The stub function is generated by compiler and its instructions have nothing
to do with the kernel source code.

Currently clang generates debug info for the stub function, which causes
confusion for the debugger. For example, when users set break point
on a line of a kernel, the debugger should break on that line when the kernel is
executed and reaches that line, but instead the debugger breaks in the stub function.

This patch disables debug info for stub function.

Diff Detail

Repository: rG LLVM Github Monorepo

Event Timeline

yaxunl created this revision.May 13 2020, 8:09 AM

Herald added a reviewer: aaron.ballman. · View Herald TranscriptMay 13 2020, 8:10 AM

Herald added a subscriber: aprantl. · View Herald Transcript

I do not see the behavior the patch is supposed to fix in CUDA.
If I compile a simple program, host-side debugger does not see the kernel, sees __device_stub_kernel and, if the breakpoint is set on kernel, it treats it as a yet-to-be-loaded one and does end up breaking on intry into the kernel on the GPU side.

E.g.:

(cuda-gdb) info symbol kernel
No symbol "kernel" in current context.
(cuda-gdb) info symbol __device_stub__kernel
__device_stub__kernel() in section .text
(cuda-gdb) b kernel
Function "kernel" not defined.
Make breakpoint pending on future shared library load? (y or [n]) y
Breakpoint 1 (kernel) pending.
(cuda-gdb) r
Starting program: /usr/local/google/home/tra/work/llvm/build/debug/print
[Thread debugging using libthread_db enabled]
Using host libthread_db library "/lib/x86_64-linux-gnu/libthread_db.so.1".
Hello from host
[New Thread 0x7fffdffff700 (LWP 227347)]
[New Thread 0x7fffdf7fe700 (LWP 227348)]
[New Thread 0x7fffdeffd700 (LWP 227349)]
[Switching focus to CUDA kernel 0, grid 1, block (0,0,0), thread (0,0,0), device 0, sm 0, warp 0, lane 0]
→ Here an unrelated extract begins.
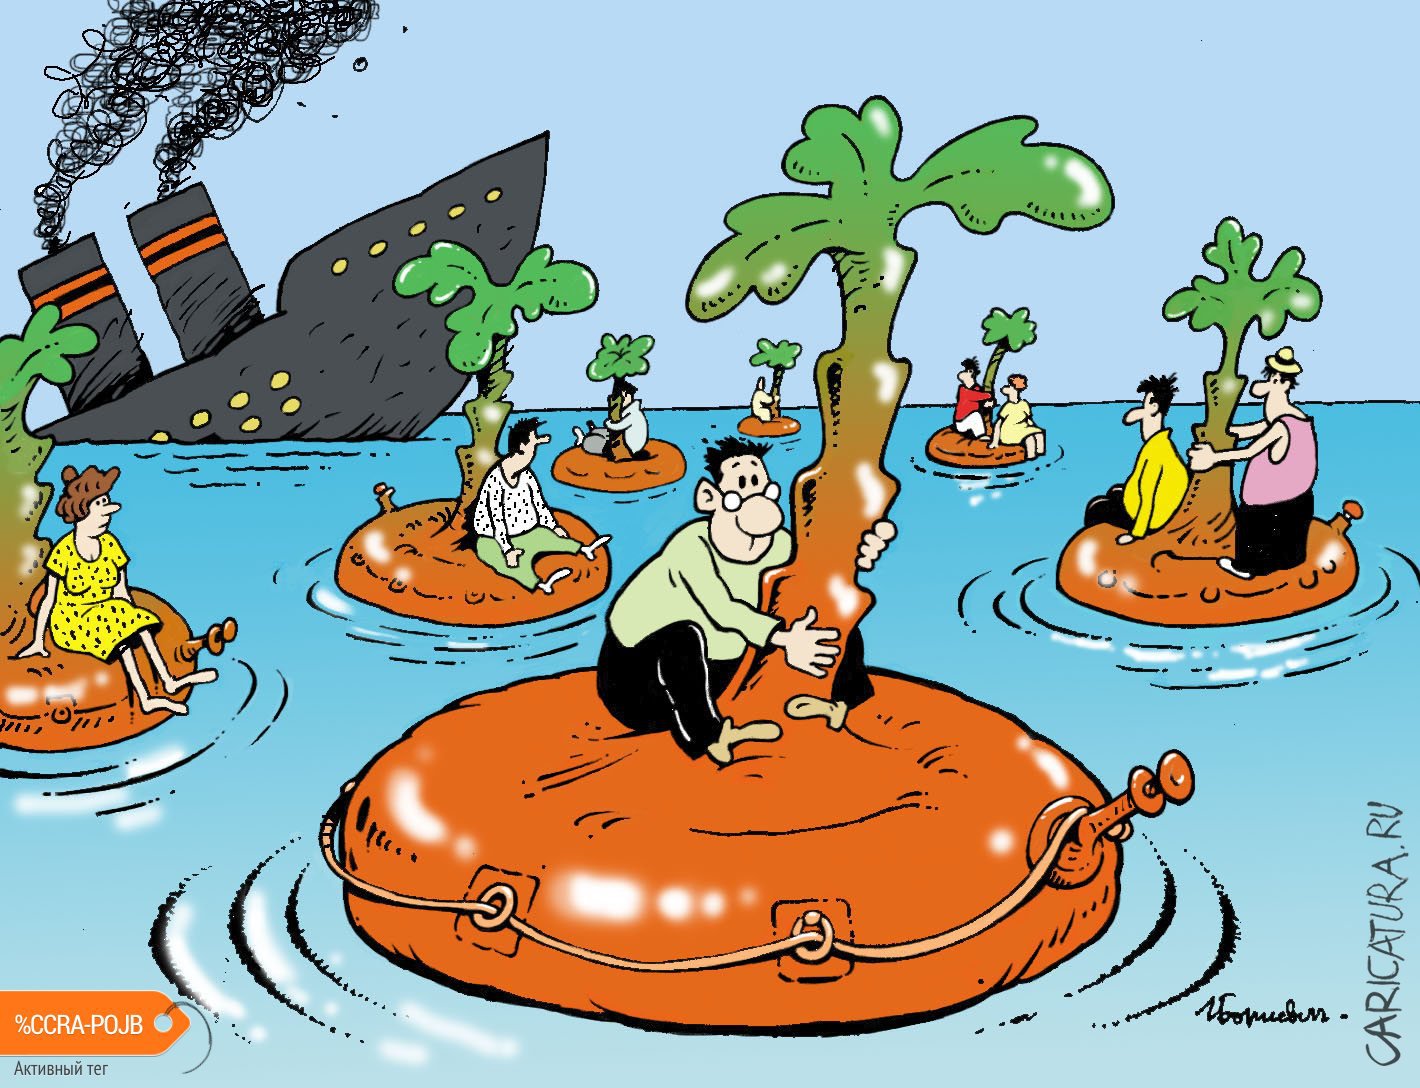 Карикатура "Надувные острова", Игорь Елистратов
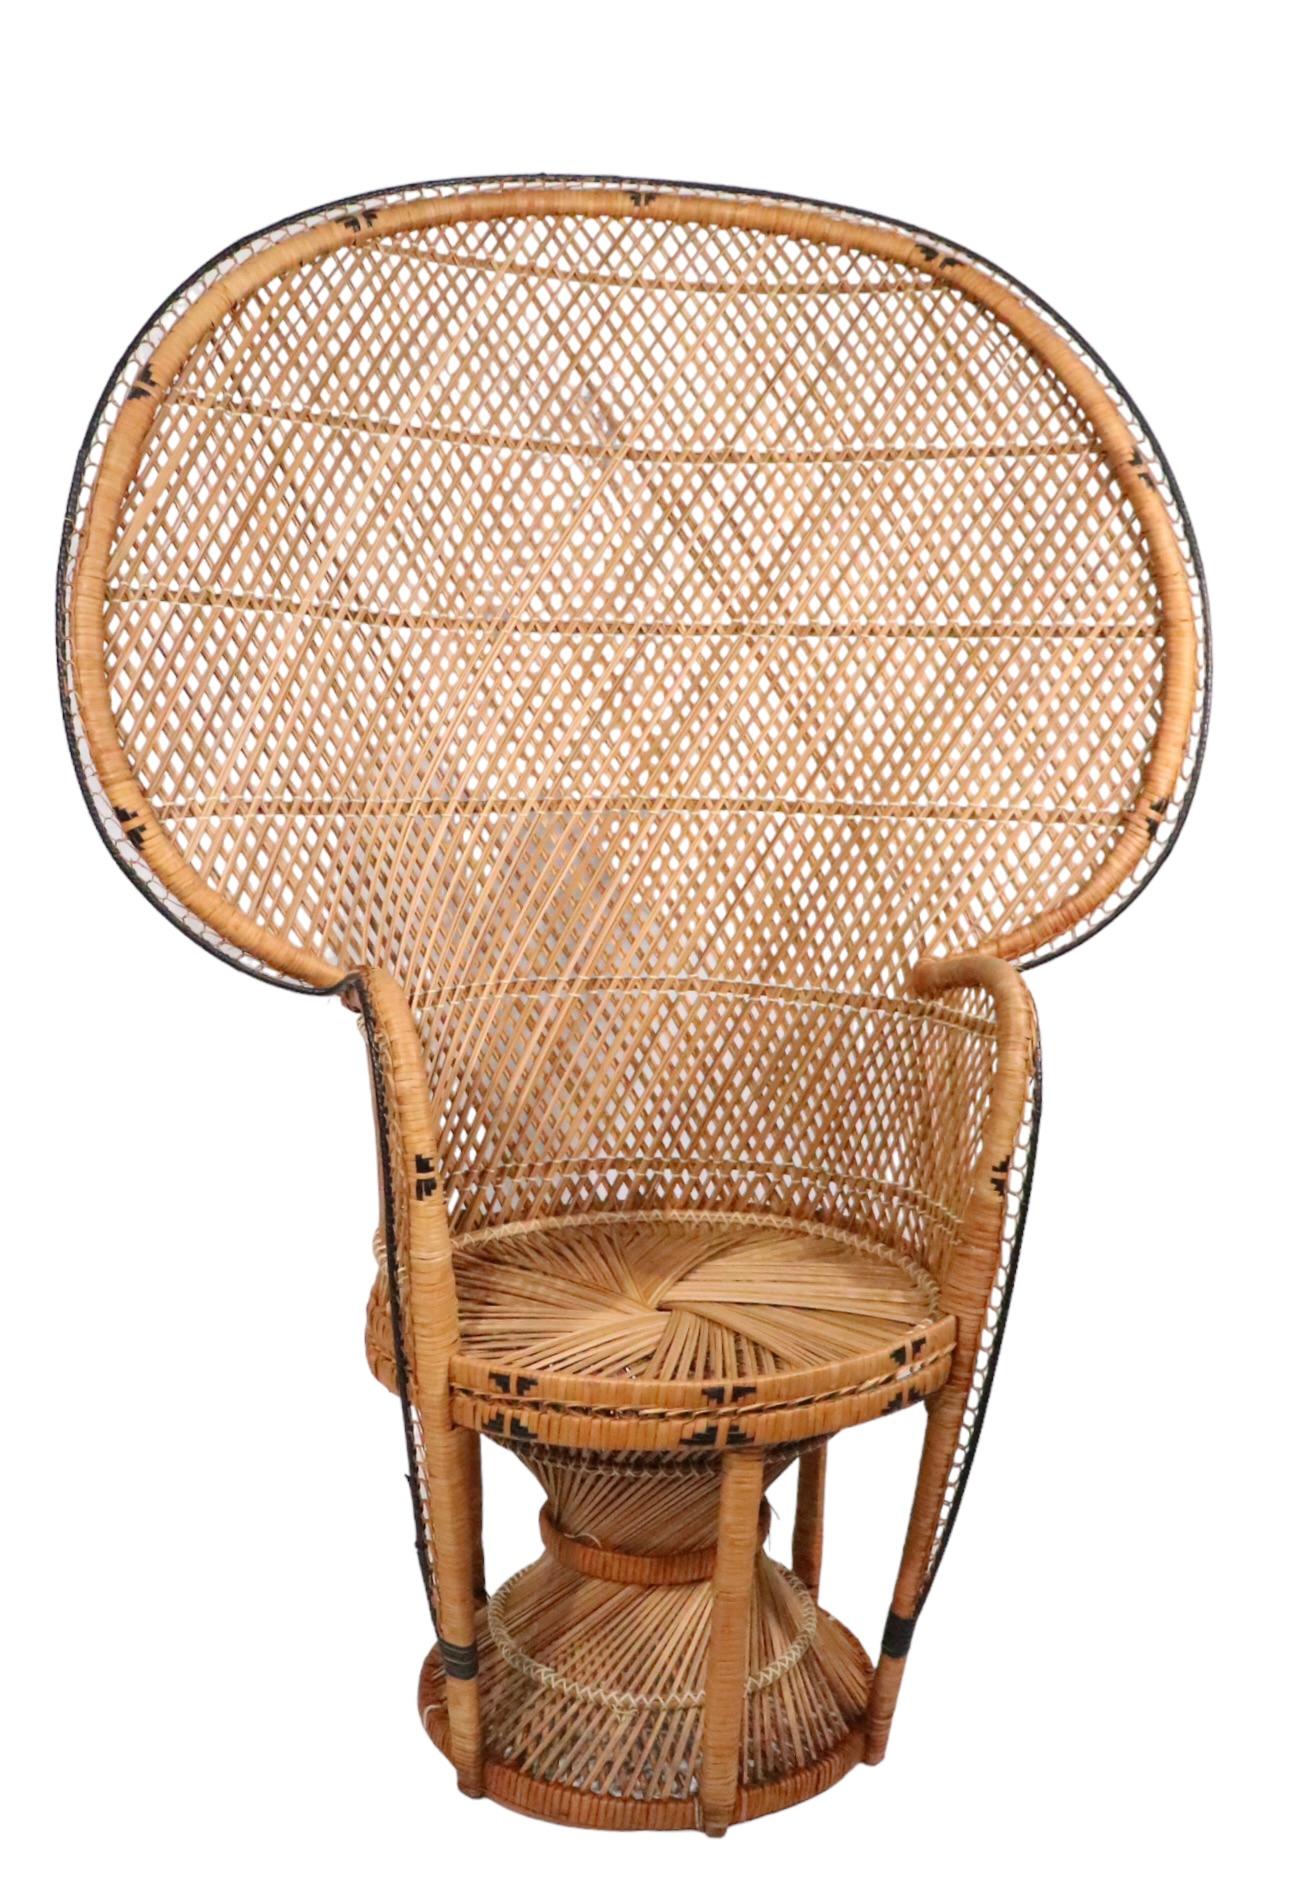 Emmanuelle  Peacock Bamboo Wicker Fan Chair c. 1960/1970's For Sale 4

Thread 1 "print" hit Breakpoint 1, kernel<<<(1,1,1),(1,1,1)>>> () at print.cu:3
3         printf("Hello\n");

Perhaps it's HIP-specific behavior that needs this tweak.
For CUDA, I would rather that we continue to emit debug info for the stub (in it's __device_stub form). It is useful for debugging some issues.

In D79866#2034460, @tra wrote:
I do not see the behavior the patch is supposed to fix in CUDA.
If I compile a simple program, host-side debugger does not see the kernel, sees __device_stub_kernel and, if the breakpoint is set on kernel, it treats it as a yet-to-be-loaded one and does end up breaking on intry into the kernel on the GPU side.

E.g.:
(cuda-gdb) info symbol kernel
No symbol "kernel" in current context.
(cuda-gdb) info symbol __device_stub__kernel
__device_stub__kernel() in section .text
(cuda-gdb) b kernel
Function "kernel" not defined.
Make breakpoint pending on future shared library load? (y or [n]) y
Breakpoint 1 (kernel) pending.
(cuda-gdb) r
Starting program: /usr/local/google/home/tra/work/llvm/build/debug/print
[Thread debugging using libthread_db enabled]
Using host libthread_db library "/lib/x86_64-linux-gnu/libthread_db.so.1".
Hello from host
[New Thread 0x7fffdffff700 (LWP 227347)]
[New Thread 0x7fffdf7fe700 (LWP 227348)]
[New Thread 0x7fffdeffd700 (LWP 227349)]
[Switching focus to CUDA kernel 0, grid 1, block (0,0,0), thread (0,0,0), device 0, sm 0, warp 0, lane 0]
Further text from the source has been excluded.